__Assignment__:
Copy nothing before the line that contains "Der Distrikt ist"; from there, transcribe each line exactly through the end of the material, omitting pictures.

__Supplied information__:
########
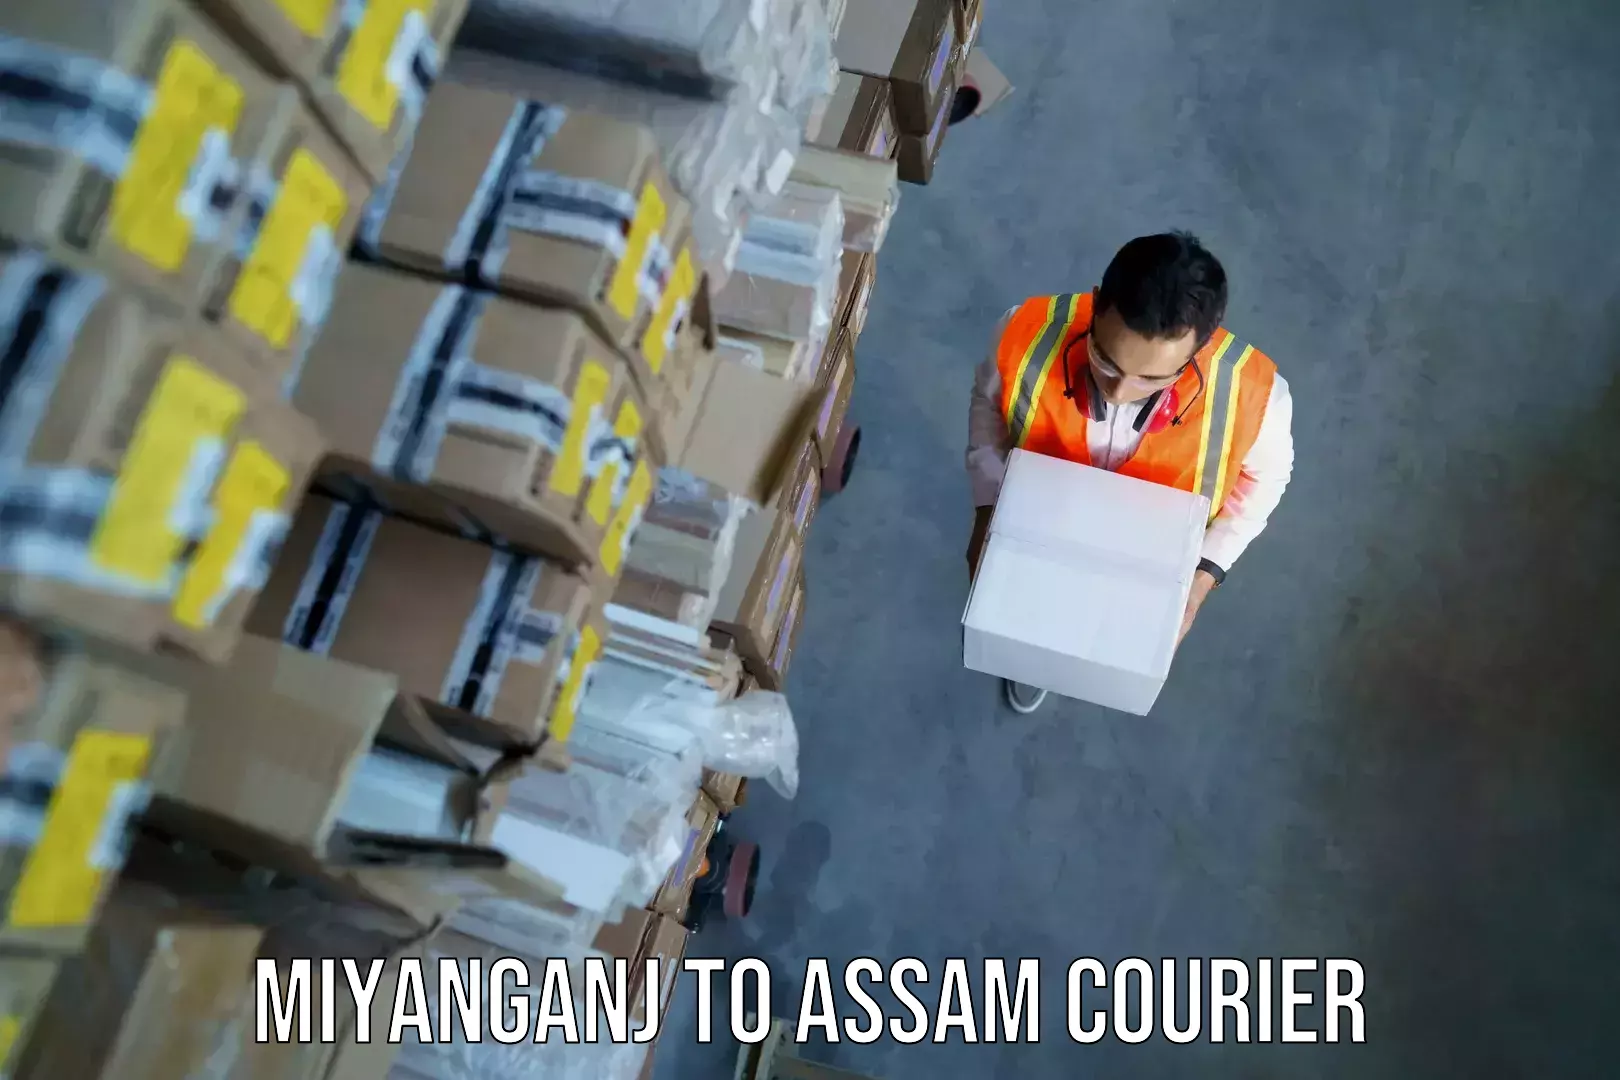 Baggage transport estimate Miyanganj to Assam
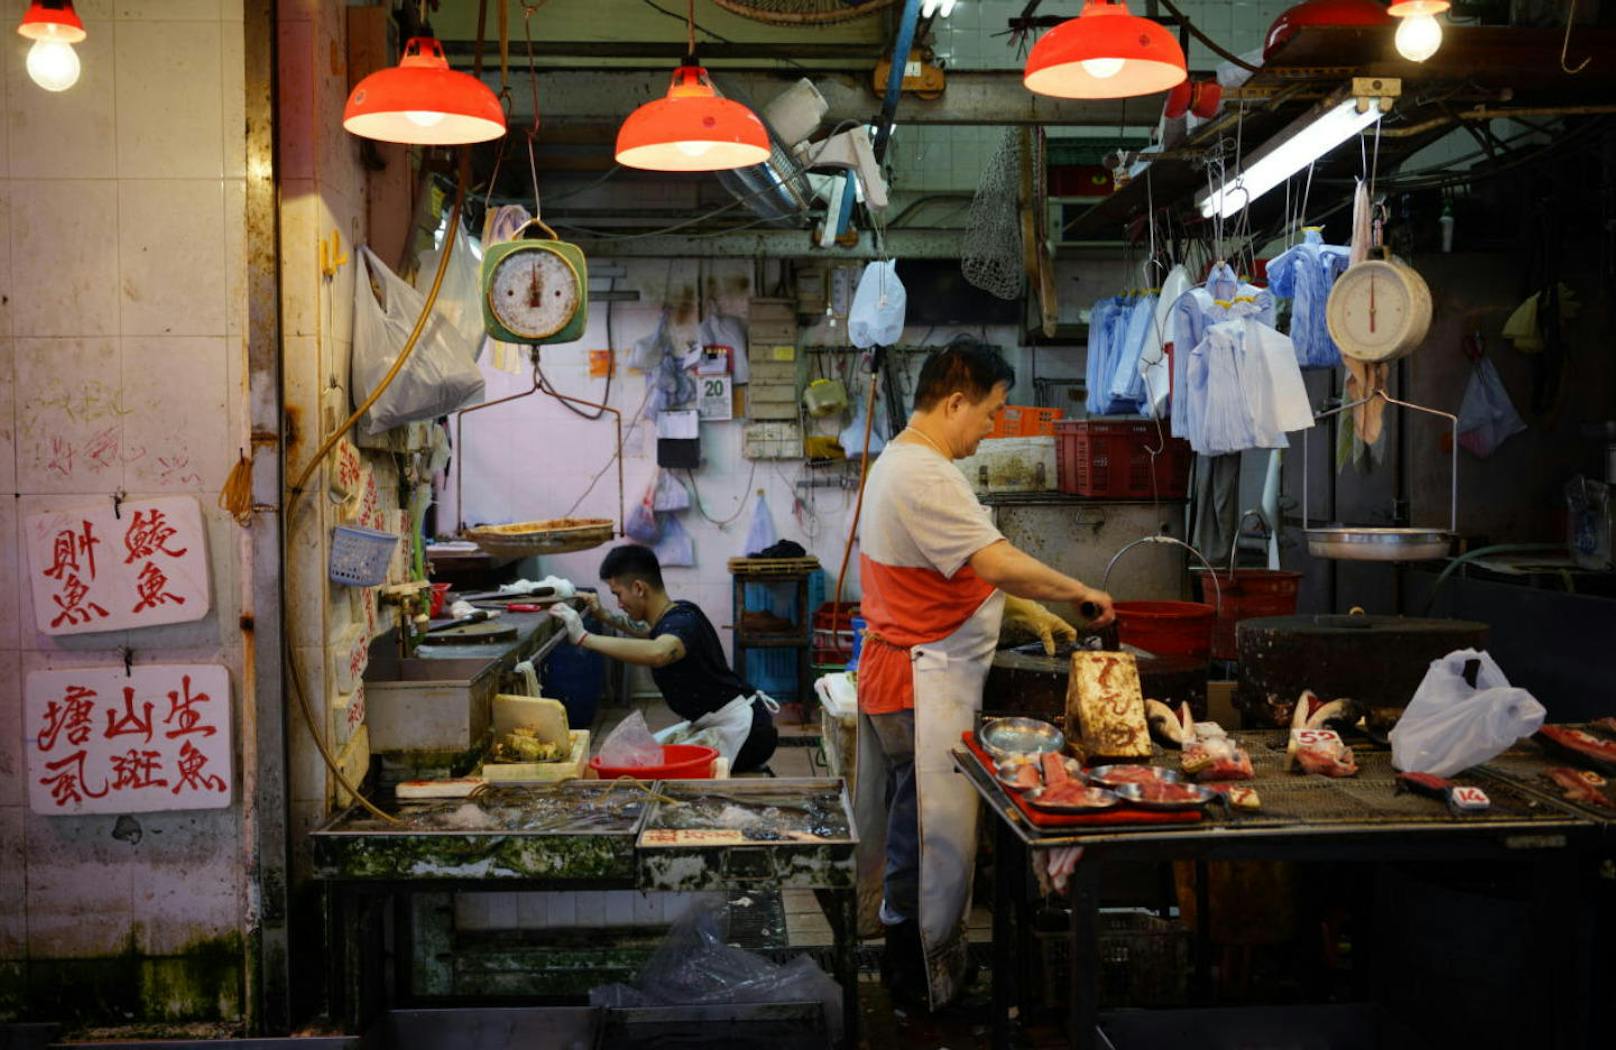 Der Distrikt ist der Hotspot für Foodies schlechthin in Hongkong. An jeder Ecke gibt es Streetfood, kleine Märkte und Restaurants.
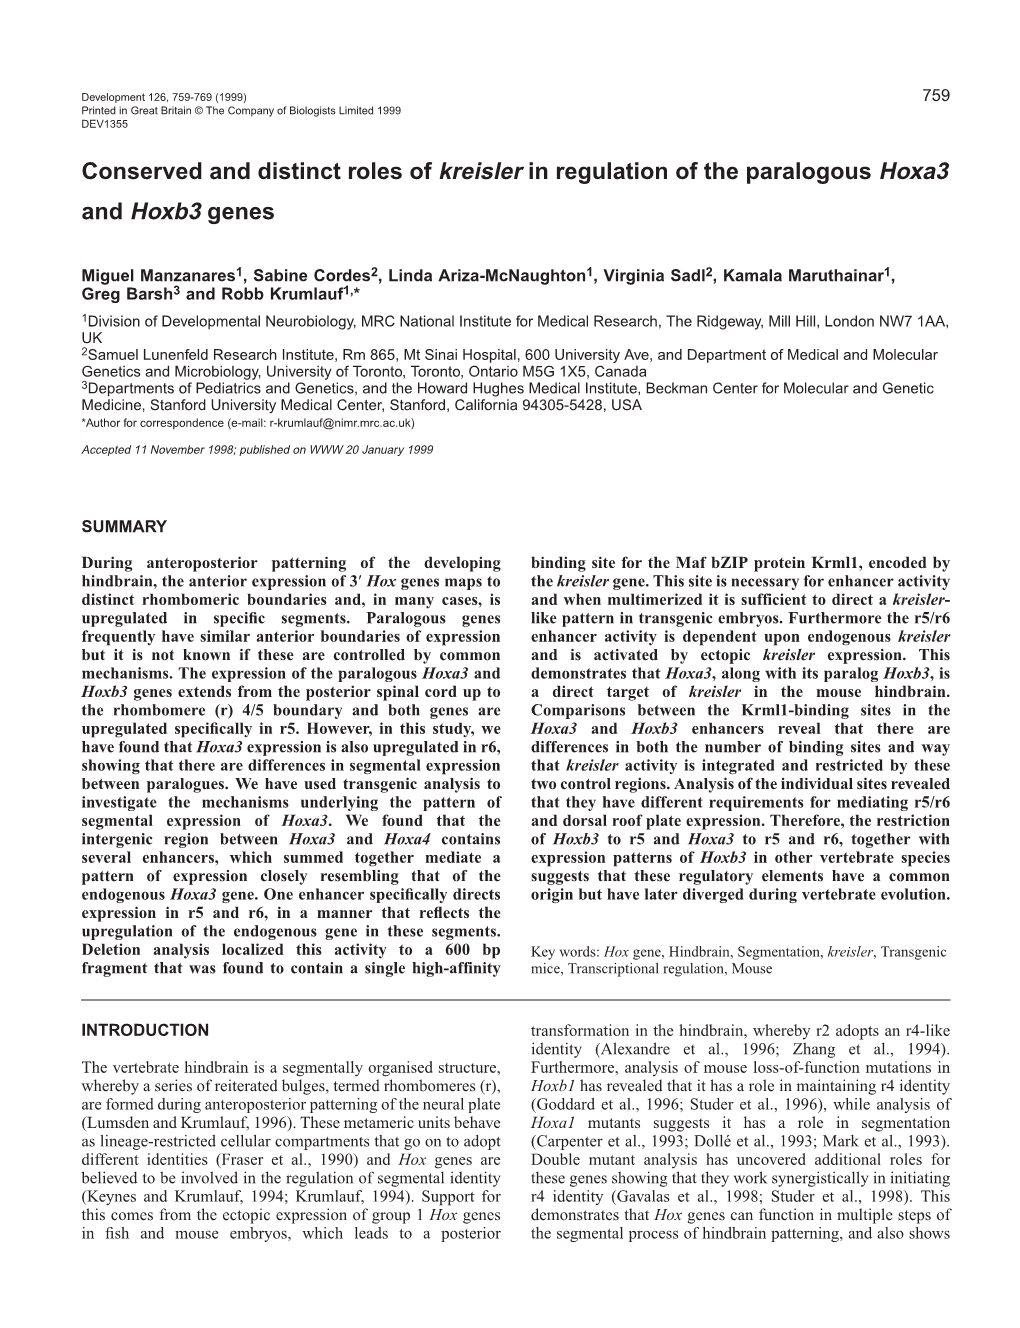 Segmental Regulation of Hoxa3 by Kreisler
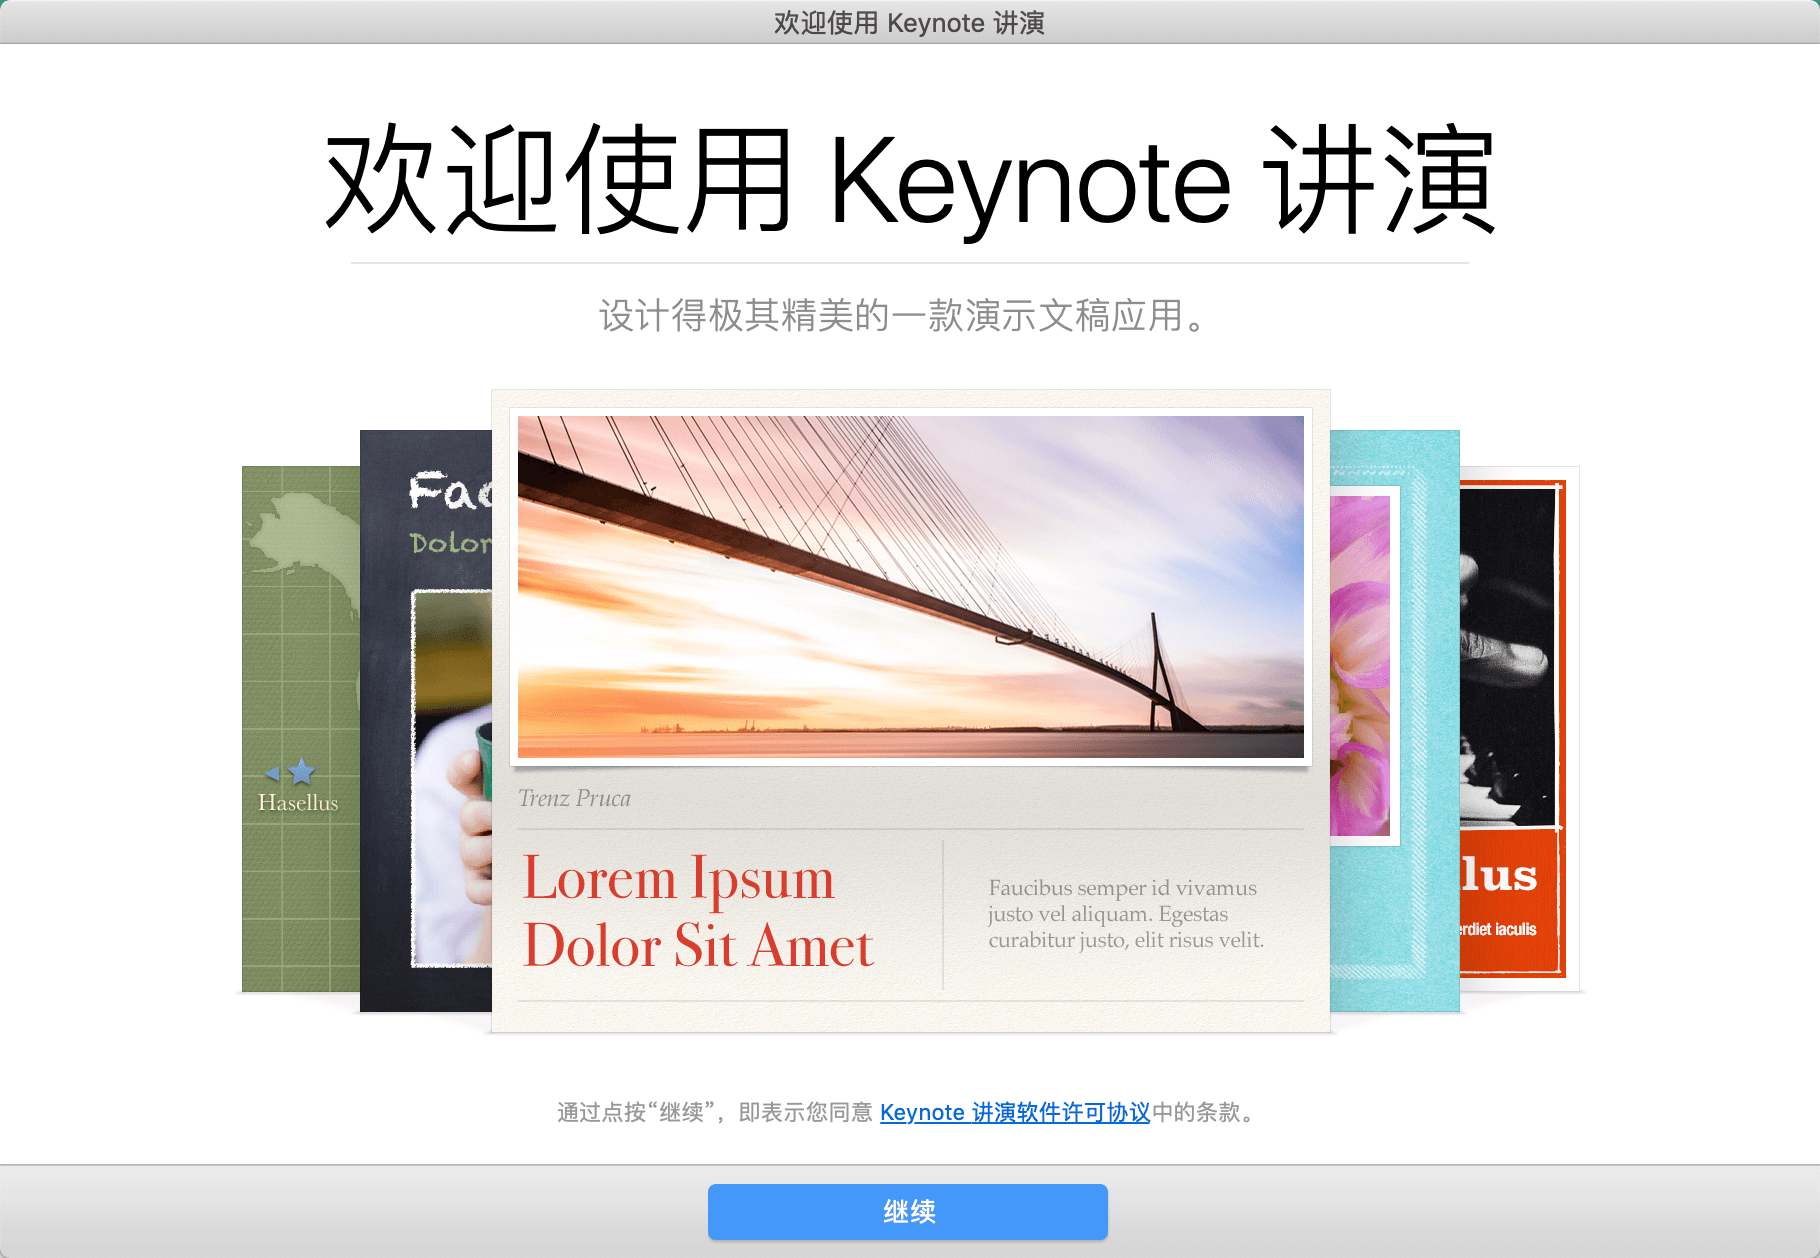 Keynote 讲演 12.2.1中文版
########
__Answer to the exercise__:
 Der Distrikt ist der Hotspot für Foodies schlechthin in Hongkong. An jeder Ecke gibt es Streetfood, kleine Märkte und Restaurants.
 Segmental Regulation of Hoxa3 by Kreisler
 Keynote 讲演 12.2.1中文版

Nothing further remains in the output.